To create multiple region-specific plots at once, the regions of interest can be
listed in a separate file and passed to the scattter
command with the
-l
/--range-list
option. This is equivalent to creating the plots
separately with the -c
option and then combining the plots into a single
multi-page PDF.
The bin-level log2 ratios or coverages can also be plotted without segmentation calls:
cnvkit.py scatter Sample.cnr
This can be useful for viewing the raw, un-corrected coverage depths when deciding which samples to use to build a profile, or simply to see the coverages without being helped/biased by the called segments.
The --trend
option (-t
) adds a smoothed trendline to the plot. This is
fairly superfluous if a valid segment file is given, but could be helpful if the
CBS dependency is not available, or if you’re skeptical of the segmentation in a
region.
SNV b-allele frequencies¶
Loss of heterozygosity (LOH) can be viewed alongside copy number by passing
variants as a VCF file with the -v
option. Heterozygous SNP allelic
frequencies are shown in a subplot below the CNV scatter plot.
cnvkit.py scatter Sample.cnr -s Sample.cns -v Sample.vcf
If only the VCF file is given by itself, just plot the allelic frequencies:
cnvkit.py scatter -v Sample.vcf
Given segments, show the mean b-allele frequency values above and below 0.5 of SNVs falling within each segment. Divergence from 0.5 indicates LOH in the tumor sample.
cnvkit.py scatter -s Sample.cns -v Sample.vcf -i TumorID -n NormalID
Regions with LOH are reflected in heterozygous germline SNPs in the tumor sample with allele frequencies shifted away from the expected 0.5 value. Given a VCF with only the tumor sample called, it is difficult to focus on just the informative SNPs because it’s not known which SNVs are present and heterozygous in normal, germline cells. Better results can be had by giving CNVkit more information:
- Call somatic mutations using paired tumor and normal samples. In the VCF, the somatic variants should be flagged in the INFO column with the string “SOMATIC”. (MuTect does this automatically.) Then CNVkit will skip these for plotting.
- Add a “PEDIGREE” tag to the VCF header, listing the tumor sample as “Derived” and the normal as “Original”. (MuTect doesn’t do this, but it does add a nonstandard GATK header that CNVkit can extract the same information from.)
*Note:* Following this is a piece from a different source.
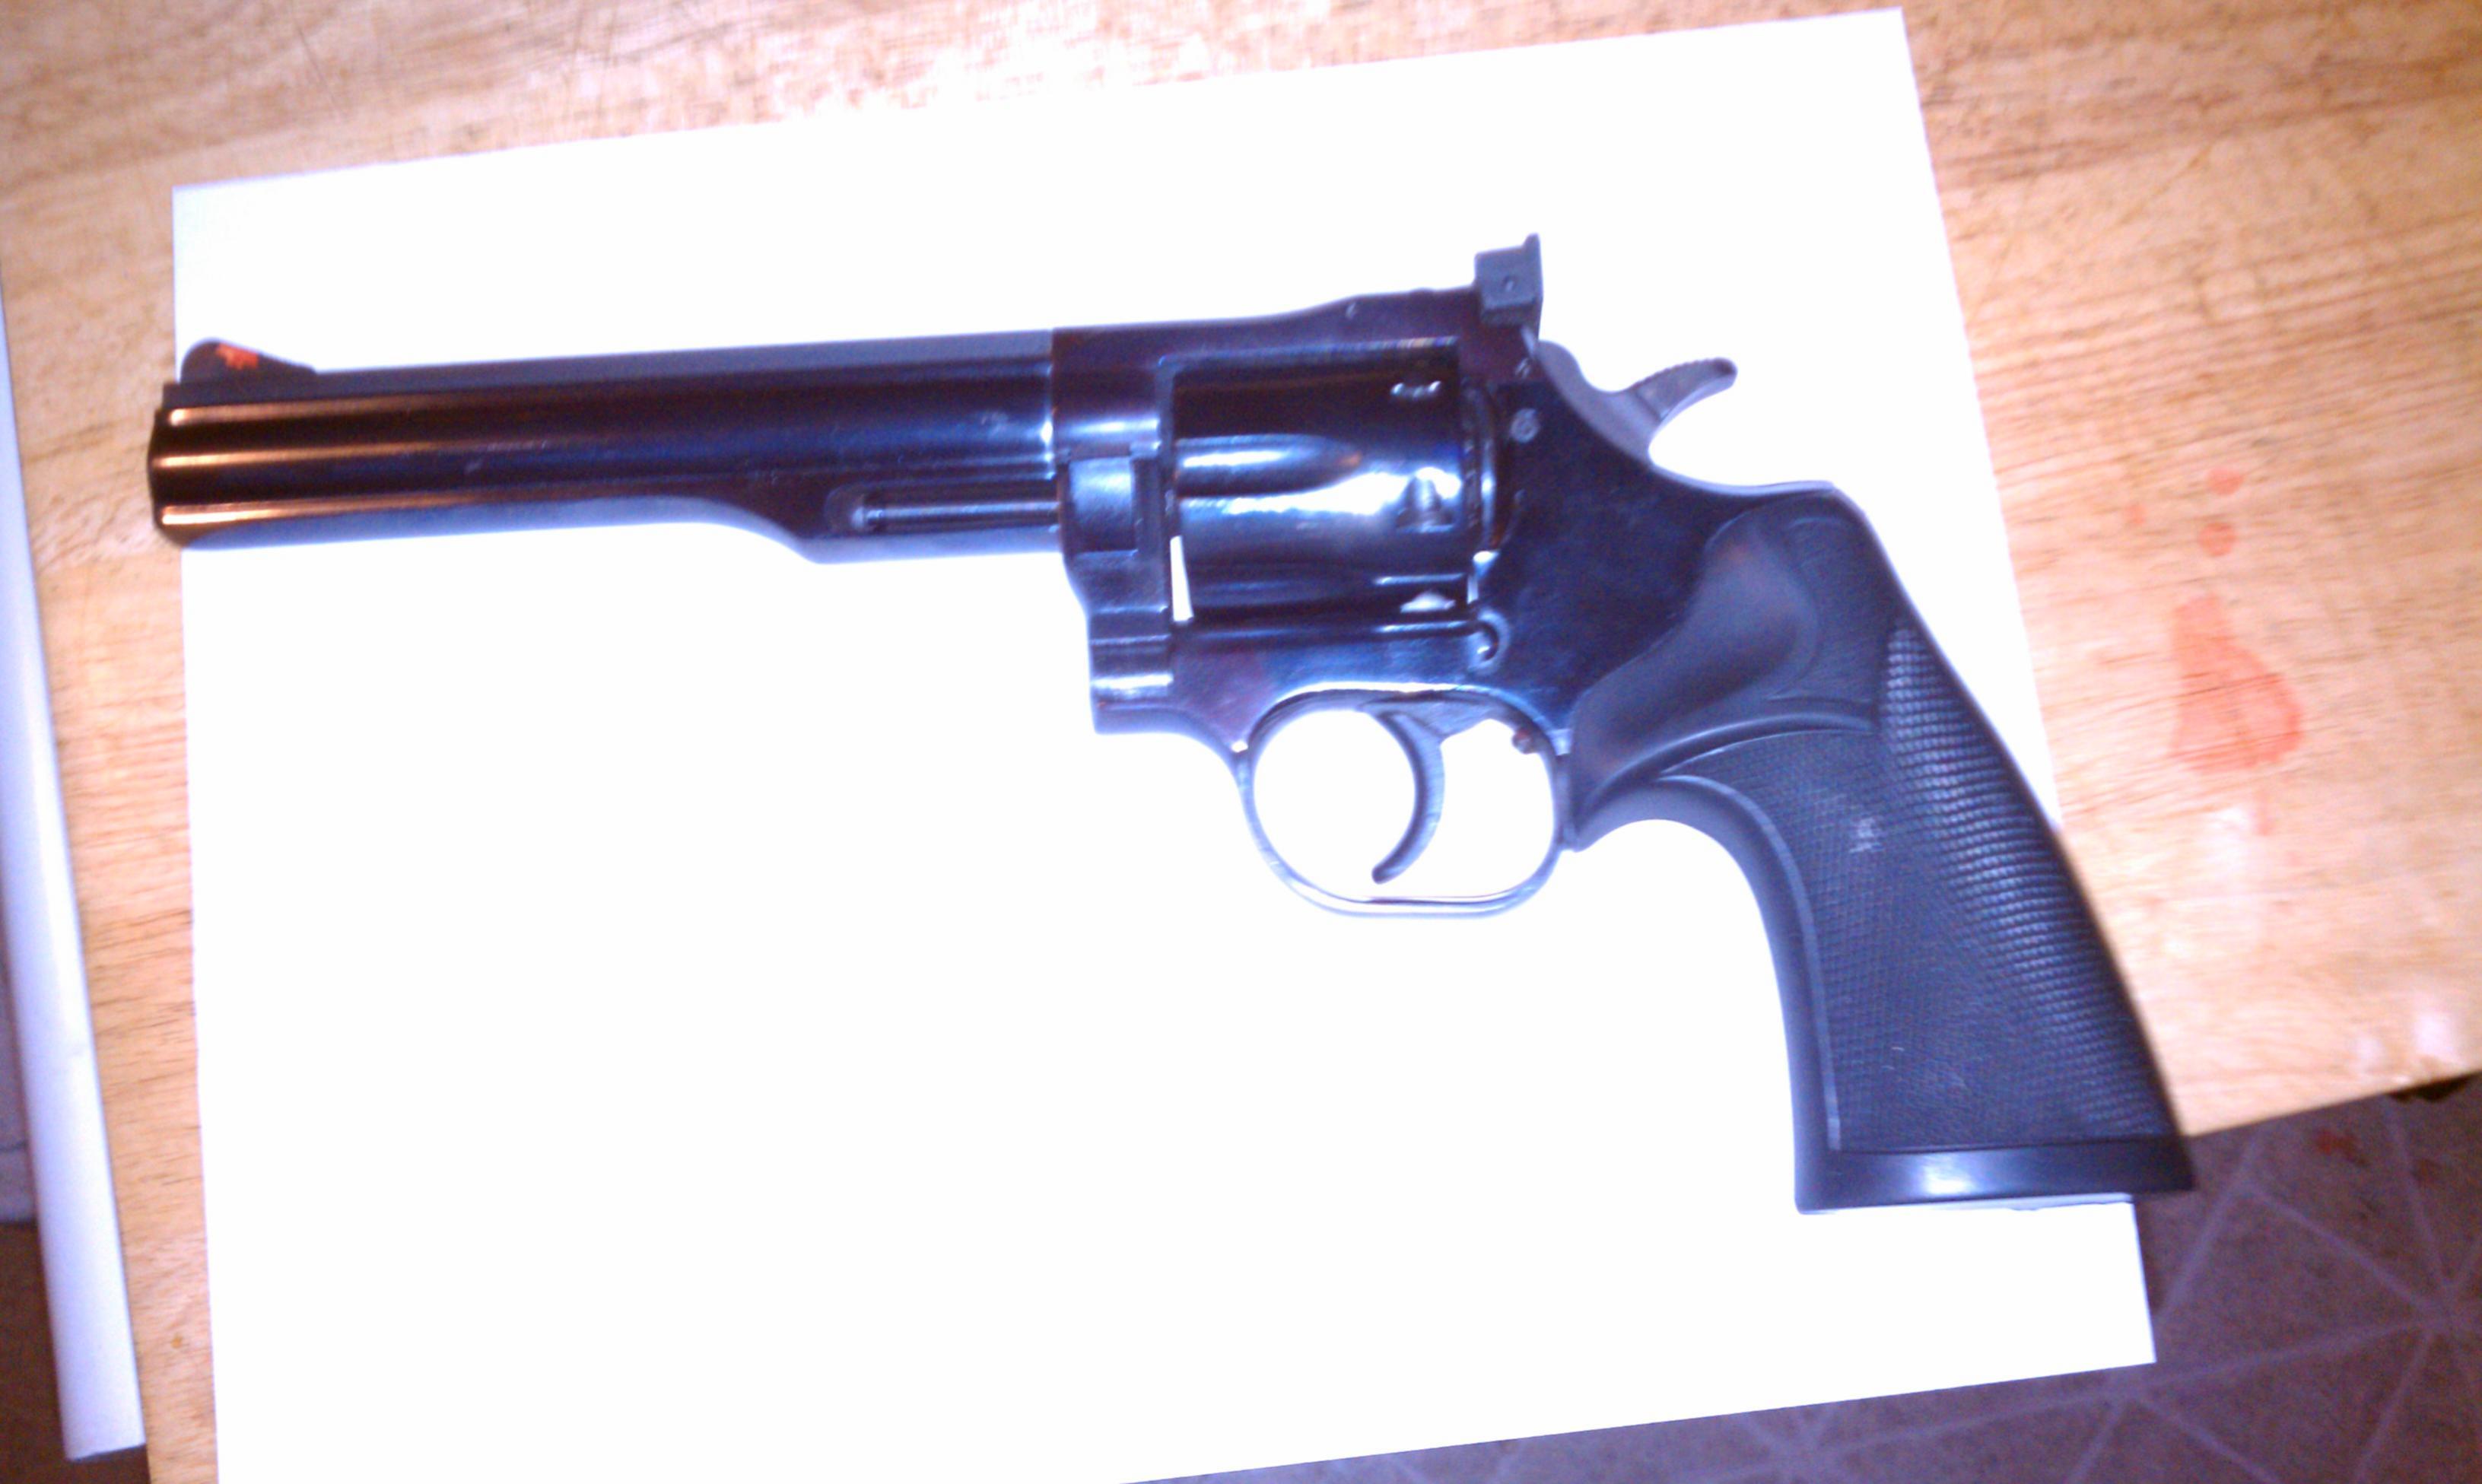 Opinions On Dan Wesson .357?-imag0089.jpg

- In lieu of a PEDIGREE tag, tell CNVkit which sample IDs are the tumor and normal using the
-i
and-n
options, respectively. - If no paired normal sample is available, you can still filter for likely informative SNPs by intersecting your tumor VCF with a set of known SNPs such as 1000 Genomes, ESP6500, or ExAC. Drop the private SNVs that don’t appear in these databases to create a VCF more amenable to LOH detection.
diagram¶
Draw copy number (either individual bins (.cnn, .cnr) or segments (.cns)) on chromosomes as an ideogram. If both the bin-level log2 ratios and segmentation calls are given, show them side-by-side on each chromosome (segments on the left side, bins on the right side).
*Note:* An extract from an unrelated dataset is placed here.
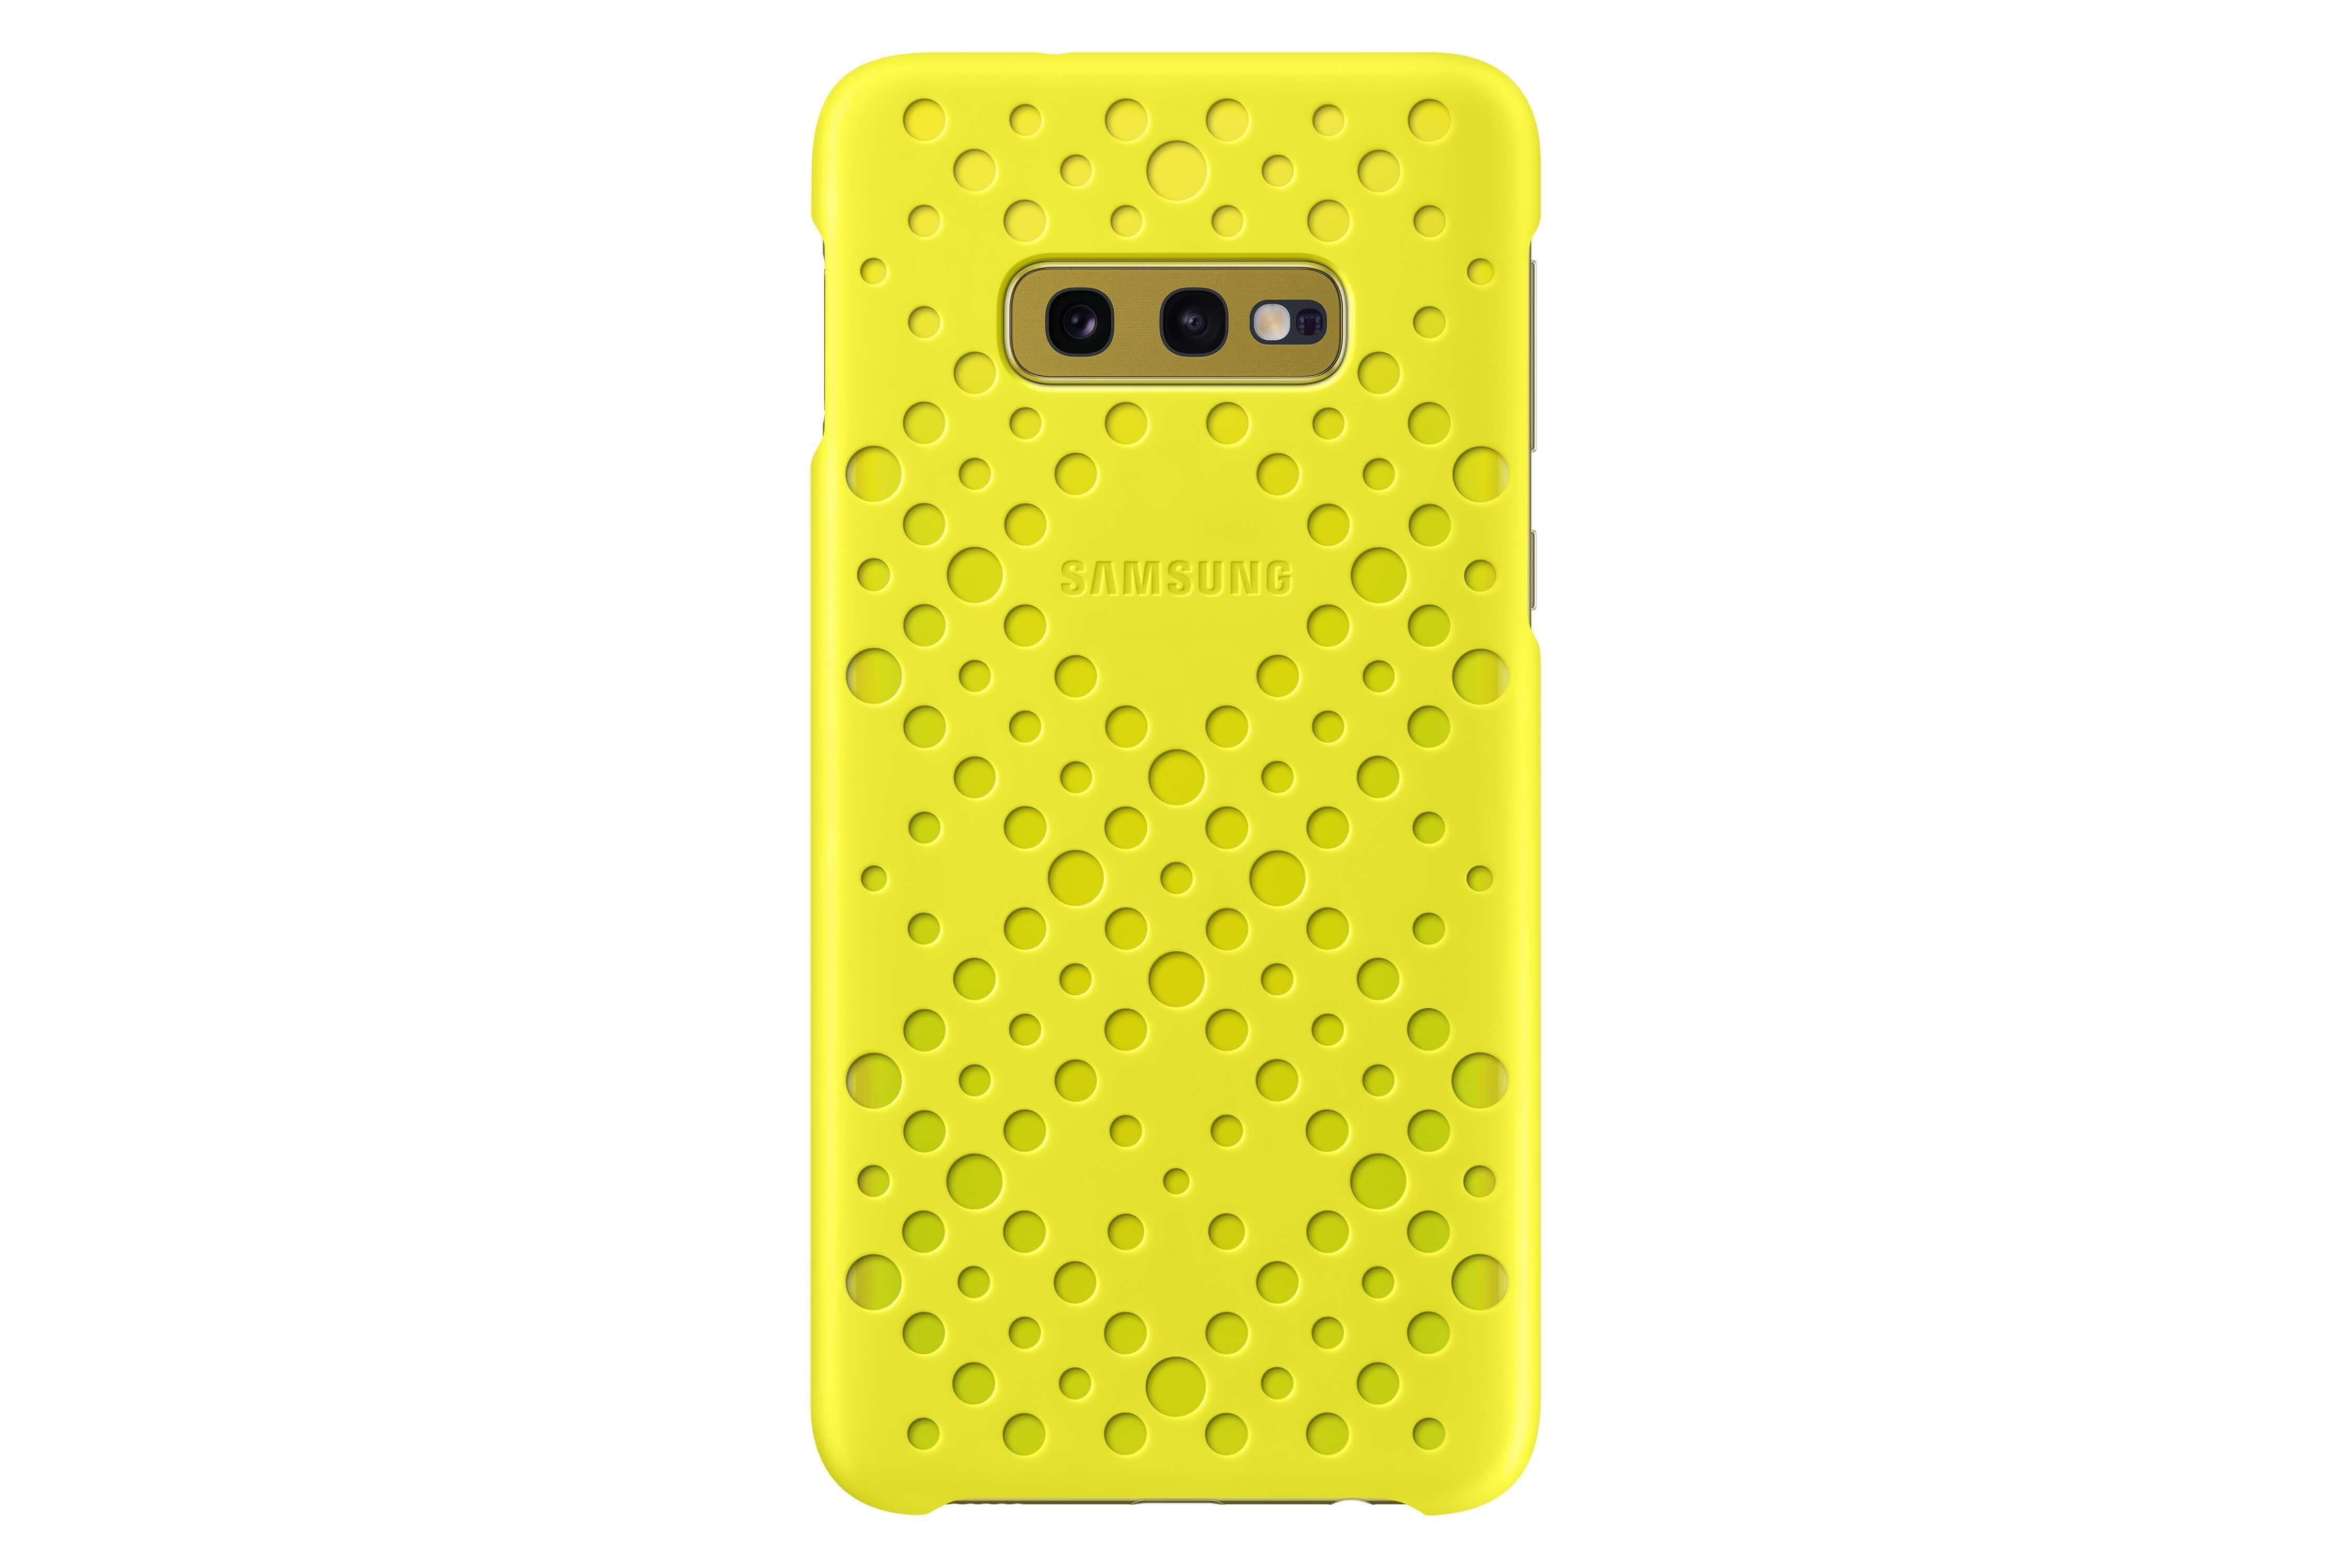 Samsung - Coques Perforées Galaxy S10e - Blanc & Jaune - Coque ...

cnvkit.py diagram Sample.cnr
cnvkit.py diagram -s Sample.cns
cnvkit.py diagram -s Sample.cns Sample.cnr
If bin-level log2 ratios are provided (.cnr), genes with log2 ratio values beyond a fixed threshold will be labeled on the plot. This plot style works best with target panels of a few hundred genes at most; with whole-exome sequencing there are often so many genes affected by CNAs that the individual gene labels become difficult to read.
If only segments are provided (-s
), gene labels are not shown. This plot is
then equivalent to the heatmap
command, which effectively summarizes the
segmented values from many samples.
heatmap¶
Draw copy number (either bins (.cnn, .cnr) or segments (.cns)) for multiple samples as a heatmap.
To get an overview of the larger-scale CNVs in a cohort, use the “heatmap” command on all .cns files:
cnvkit.py heatmap *.cns
The color range can be subtly rescaled with the -d
option to de-emphasize
low-amplitude segments, which are likely spurious CNAs:
cnvkit.py heatmap *.cns -d
A heatmap can also be drawn from bin-level log2 coverages or copy ratios (.cnn,
.cnr), but this will be extremely slow at the genome-wide level.
Consider doing this with a smaller number of samples and only for one chromosome
or chromosomal region at a time, using the -c
option:
cnvkit.py heatmap TR_9*T.cnr -c chr12 # Slow!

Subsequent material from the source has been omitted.